Five years later, the shared effort of local authorities and wealthy Moscow Jews have enabled the building of a new synagogue.

“There’s a silver lining to the cloud,” one of Russia’s chief rabbis, Berel Lazar, said at the recent opening ceremony, referring to the ’05 blaze. “Malakhovka Jews have always been God fearing, and He wanted them to have a decent building to organize Jewish life. Now we can see this happen.”

The synagogue was built with the financial backing of Moscow businessman Alexander Kaplan, who said he felt a break in tradition upon learning that the old synagogue had been burned down and wanted to bring it back. Kaplan had grown up in Moscow, but his relatives lived in Malakhovka, and as a child he spent summers with them.

Local authorities had allowed the Jews to pray in the former administration building — they did not miss a single Shabbat service, one of the community leaders, Mikhail Glimcher, told JTA. The officials also endorsed a plot of land to build a new synagogue without delay.

“They understand it’s better to be friends with us because elections happen,” said Glimcher, the former community head who is seen as the main force behind the new construction.

Representatives of the local authorities were on hand for the opening ceremony. The head of administration of Malakhovka, Alexander Avtaev, presented the community with a big gilded key and Lazar with a bunch of white roses.

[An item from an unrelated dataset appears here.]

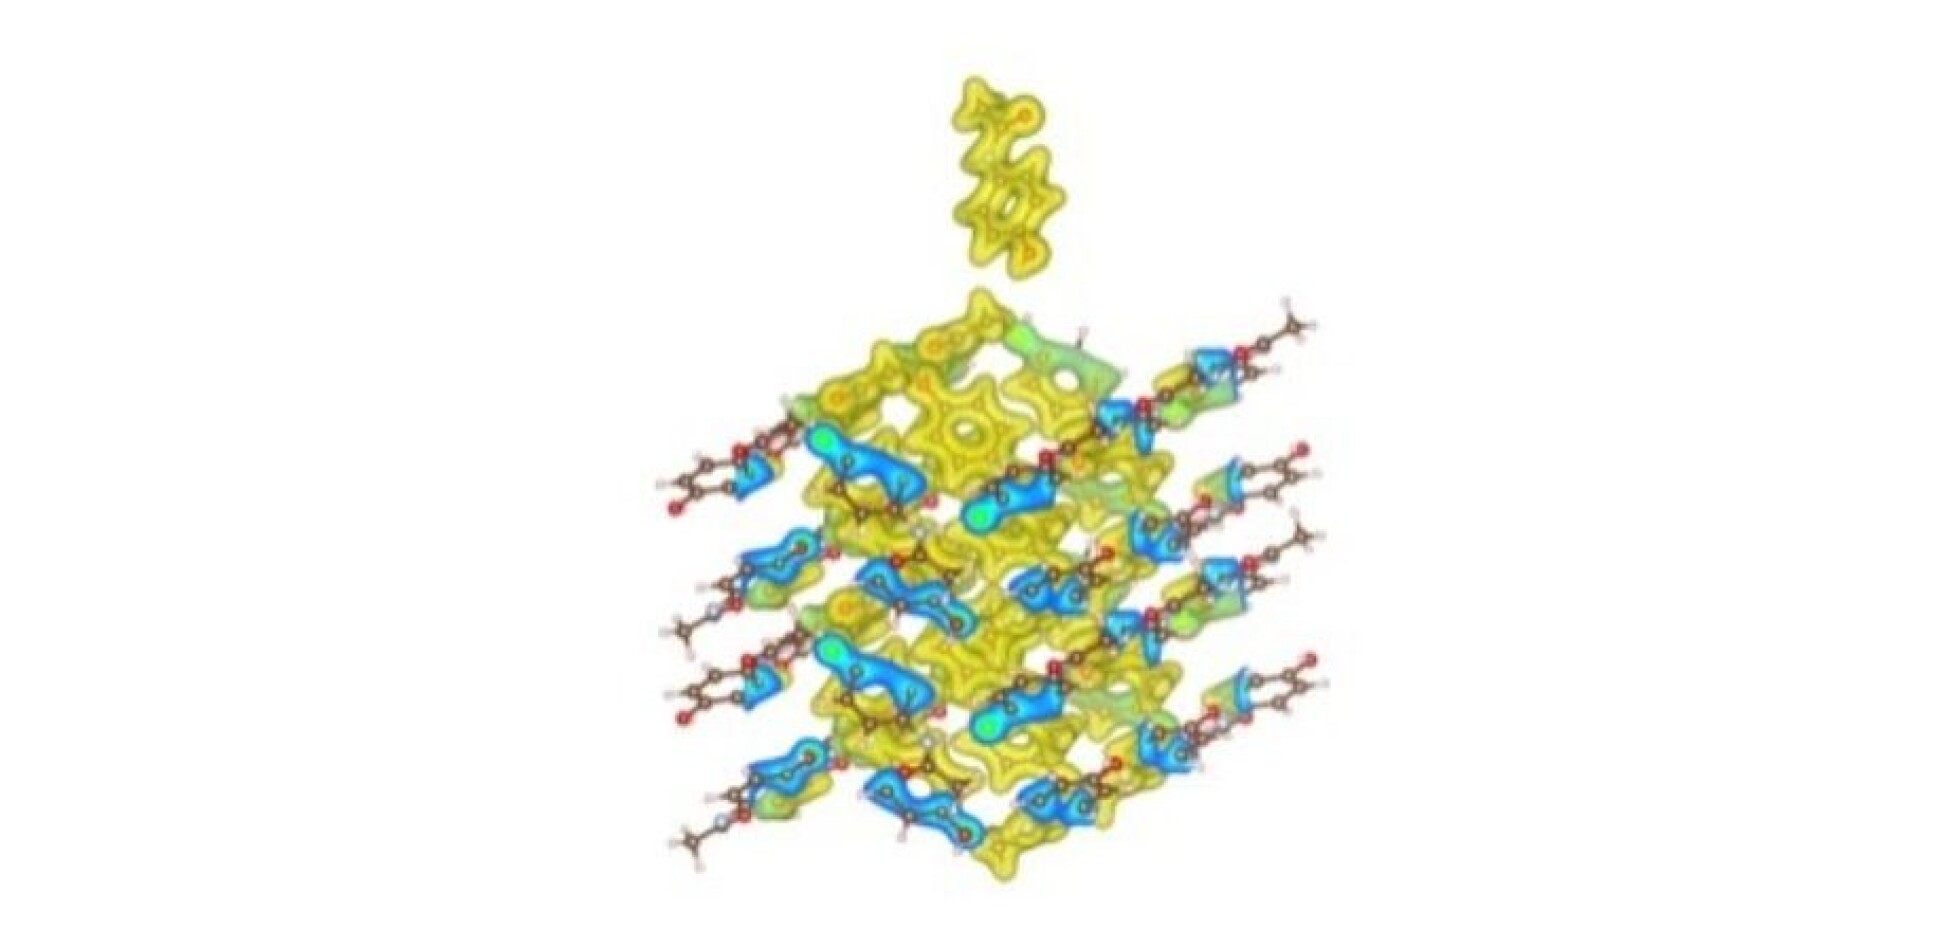 A computer-generated model of a paracetamol molecule attaching to the surface of a paracetamol crystal, showing the atoms and the electronic charge density.
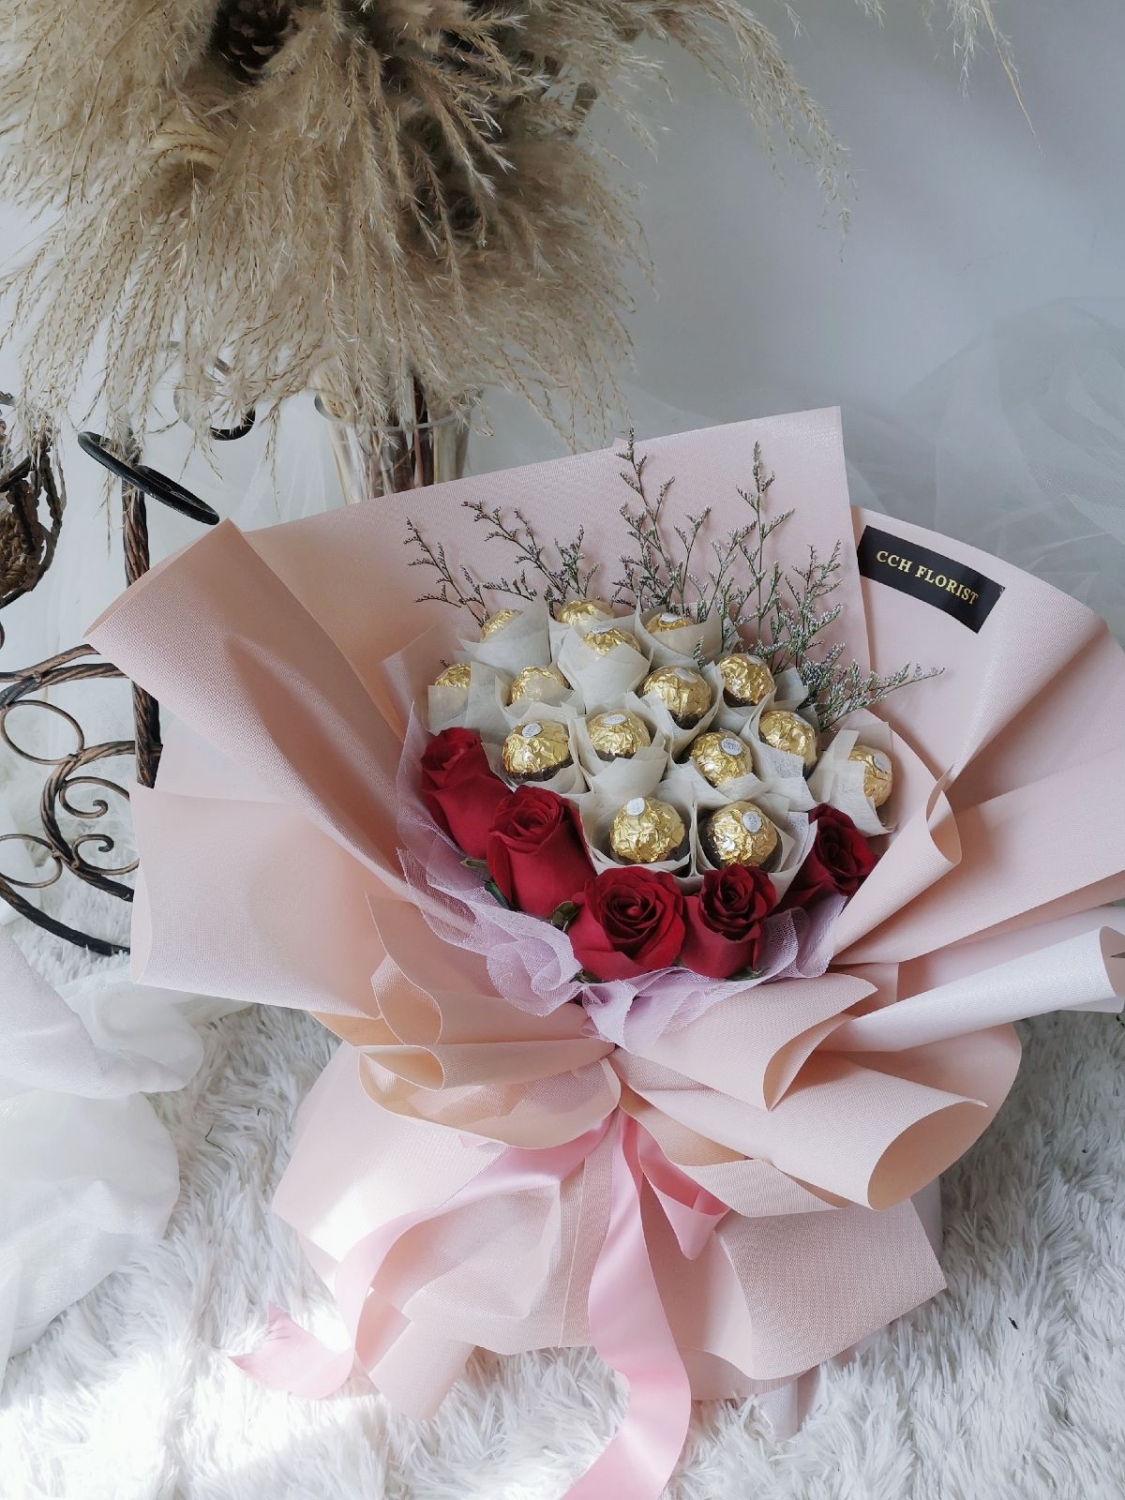 CHOCO LOVE ROSE ALL BOUQUETS BOUQUET Melaka, Malaysia Supplier ...

All the citizens of Malakhovka “were upset to know that the synagogue had been burned, and looked forward to the opening of a new one,” Avtaev said.

The building also will house a community center, a mikvah, dining hall, and chess and women’s clubs for a Jewish community of approximately 400.

The synagogue sits in a Moscow suburb known for two reasons: Malakhovka has played host to the summerhouses of many famous artists, and historically it has been populated by Jews.

Old-time residents recall that some 50 years ago, one could hear Yiddish spoken in local shops. In a town of about 18,000, some streets were populated entirely by Jews.

it isn’t clear why Malakhovka became such an attraction for Jews, but it’s likely that Jews had begun to settle here, inside the Pale of Settlement, even before the 1917 revolution. Some speculate that local authorities were loyal to Jews.

Today’s Malakhovka residents prefer to think that the Jews chose Malakhovka simply because of its beauty. Surrounded by pine groves, the town wins high marks in real estate ratings. Also, trains make it easy to reach the center of Moscow.

Another popular conjecture is that Jews liked the place because of a big market held here on weekends.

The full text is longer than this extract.